I have missed my mom more in the last few weeks than I have in years. Oh, I miss her. There are times I lament over the fact that I never really knew her. I didn't know her favorite color, or even her eye color for that matter. I have very few pictures of her. I miss that my children have never had a grandmother that picked them up from school, stayed with them when they were sick, took them out and bought them an ice cream. I was 9 when Mom died and I missed a lot of mothering but my kids have never had a doting grandmother.
I question God, why couldn't things be different? Sorrow truly overwhelms me right now. I am desperately sad. But even in this sadness, I know...surely...I know...God has bigger things in store for what is causing me to miss my mom. I can hardly handle the situation. God has and is stripping away many things not of Him. I don't like WHO I am and how I behave because of this situation. It's like everything has turned me upside down and inside out.
I am the type I avoid whatever the situation is causing me so much inner chaos. This particular situation I do not speak of unless I have to. I am filled with such despair over it that I will not even put it out publicly what is going on. It's not a bad thing. To some it's wonderful. To me...I am horrified of the great change coming. And yes, it is coming. To some it's so silly how I am reacting. I know that I am not allowing Jesus to live in and through me.

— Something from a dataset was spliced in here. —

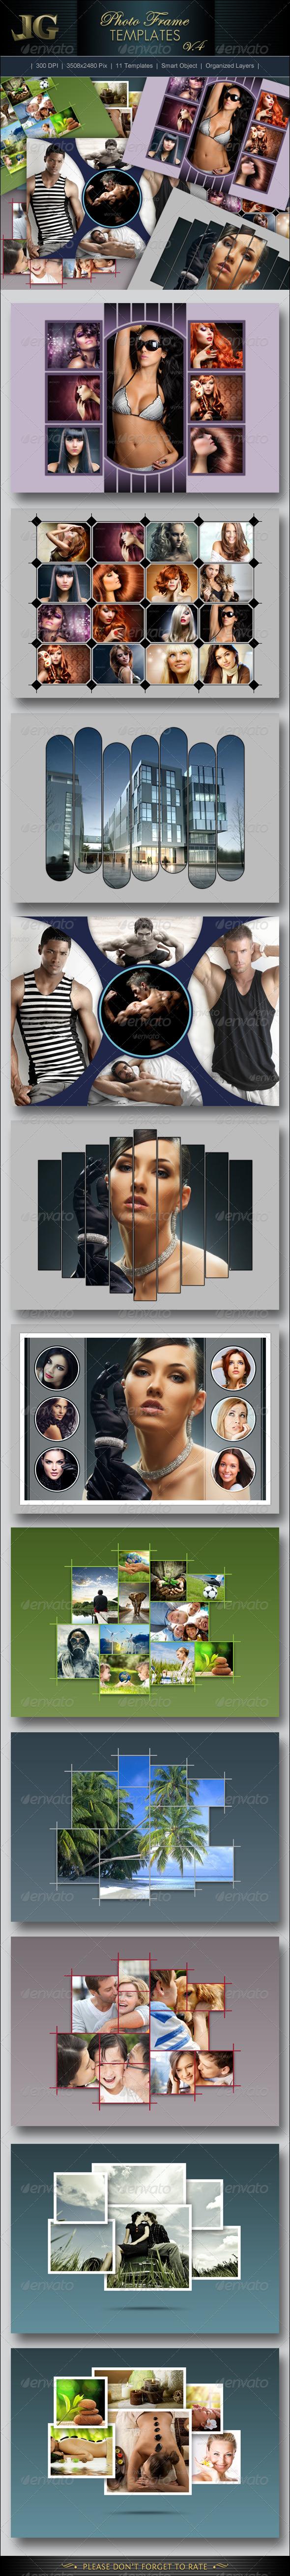 Photo Frames V4 - Artistic Photo Templates

I miss my mom. Why couldn't my mom and dad have a long married life together? Why couldn't we be celebrating their 40th anniversary this year instead of the 31st anniversary of her death? Why?
I am stronger than this because I have true Strength inside of me. I know I am letting my feelings and emotions overwhelm me. I know I am not fixing my eyes on Jesus but on the circumstance. I know all of that. But right now, I just WANT to mourn and miss my mom and what could have been.